■ **Required work**
Each line of the data must be given back verbatim, with pictures removed.

■ **Provided material**
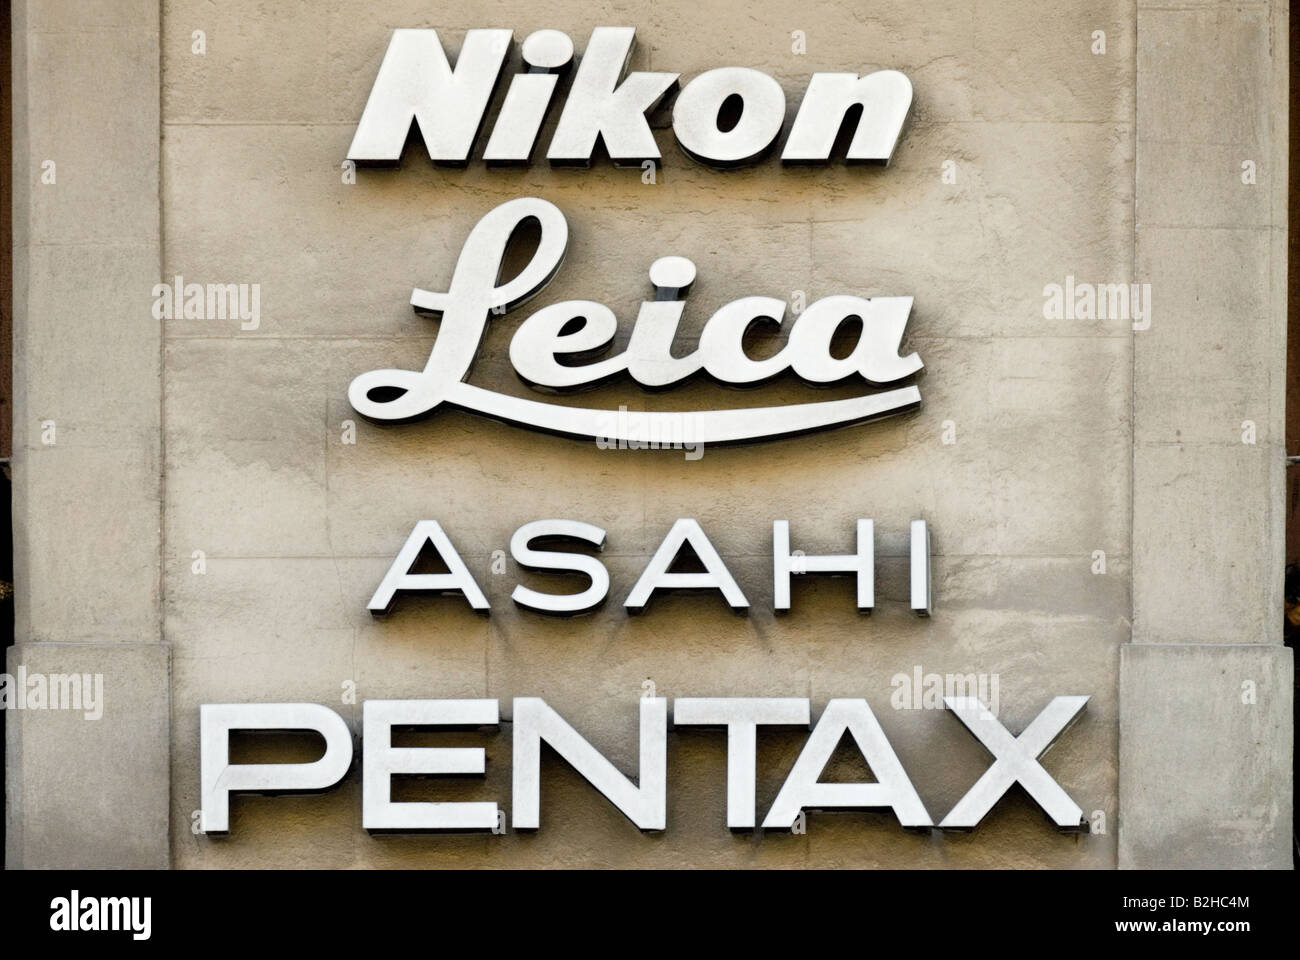 nikon leica asahi pentax sign in a wall barcelona Stock Photo
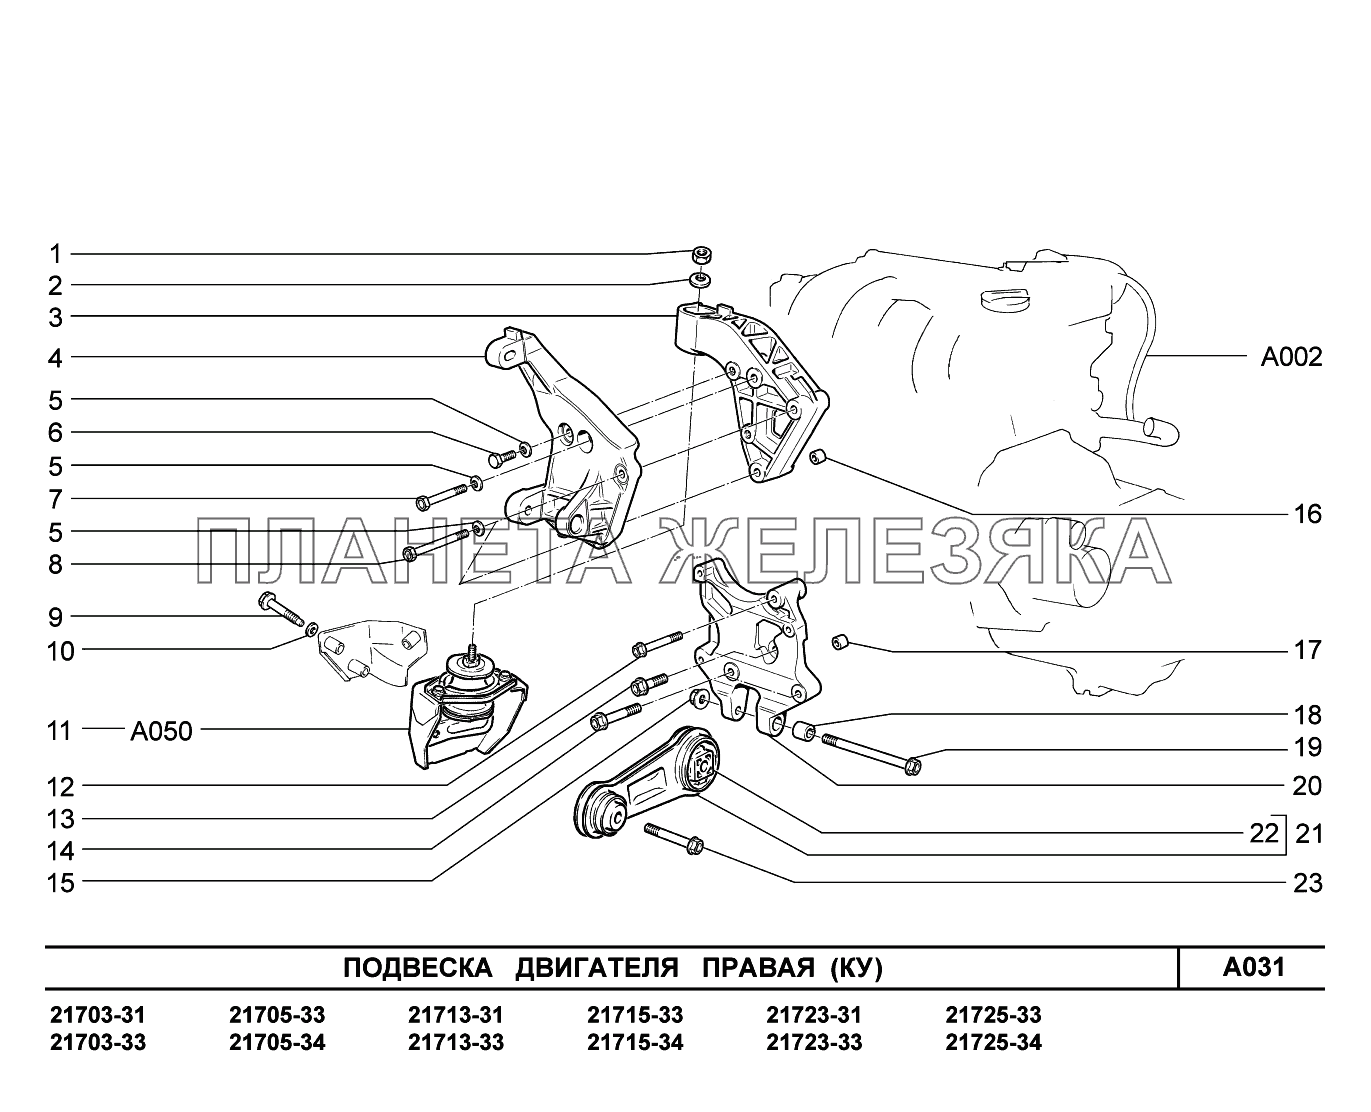 A031. Подвеска двигателя правая ВАЗ-2170 
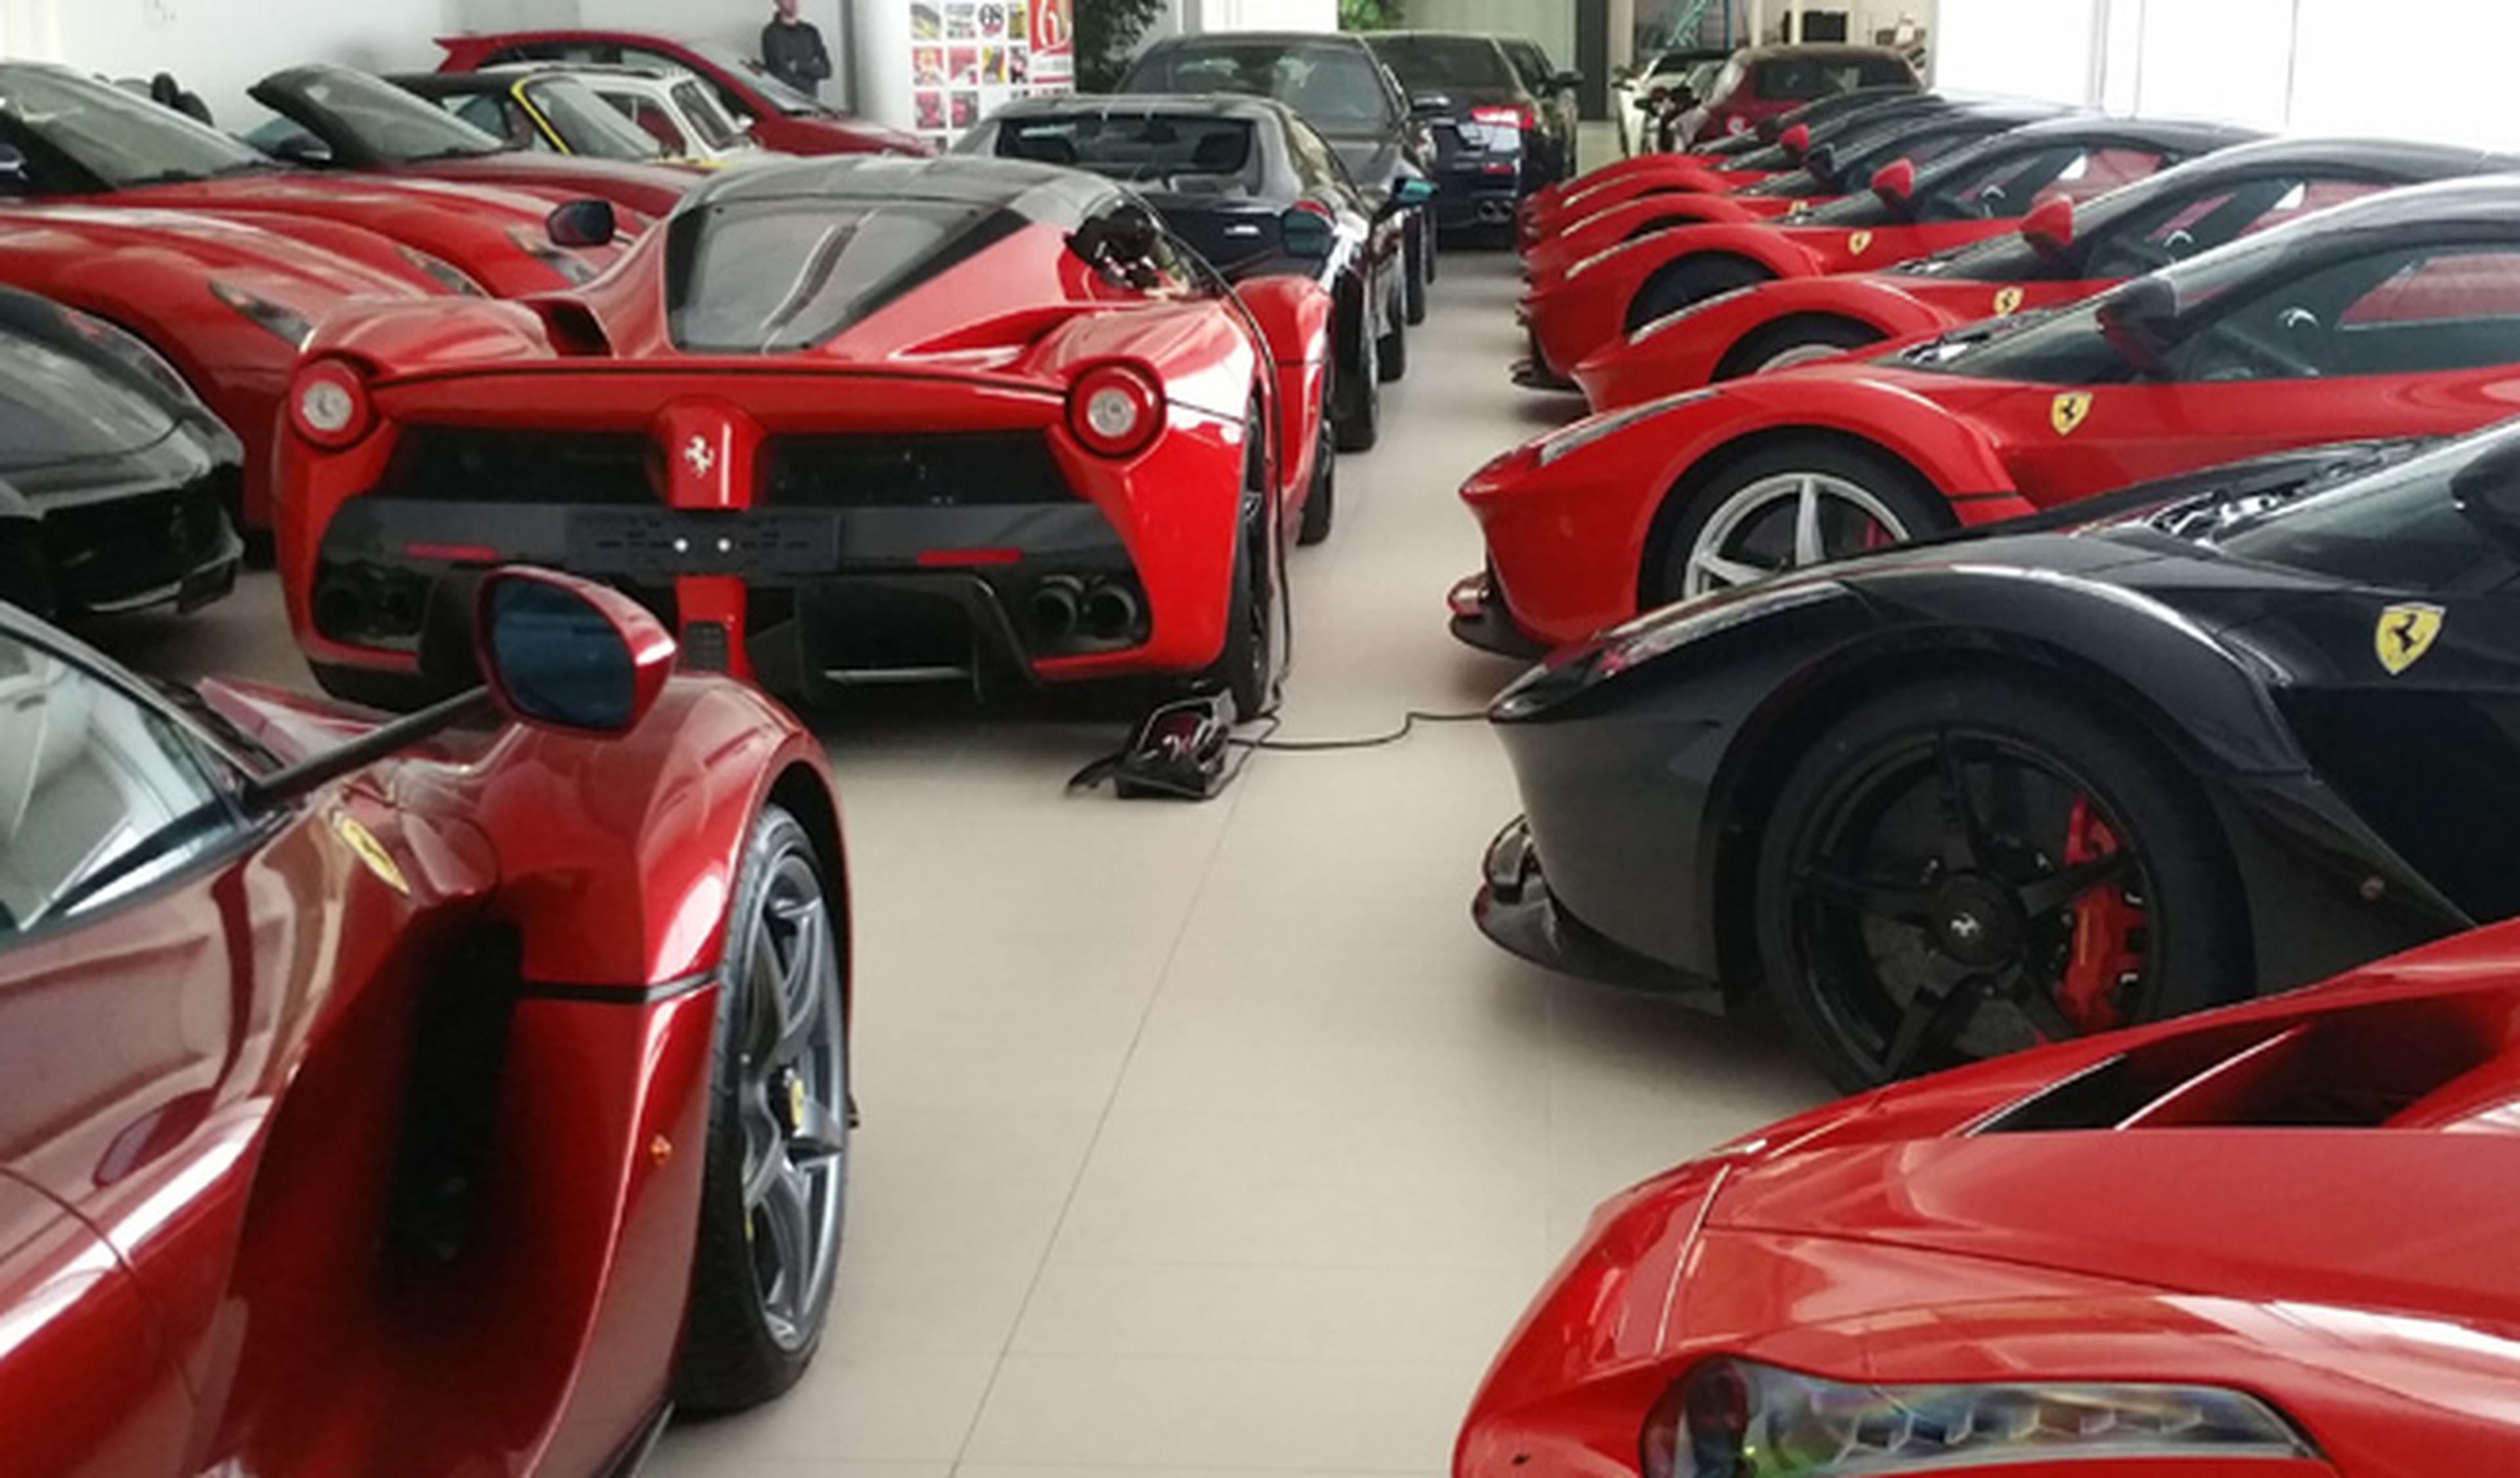 Vídeo: nunca verás tantos Ferrari LaFerrari juntos

■ **Written answer**
 nikon leica asahi pentax sign in a wall barcelona Stock Photo
 A031. Подвеска двигателя правая ВАЗ-2170 
 Vídeo: nunca verás tantos Ferrari LaFerrari juntos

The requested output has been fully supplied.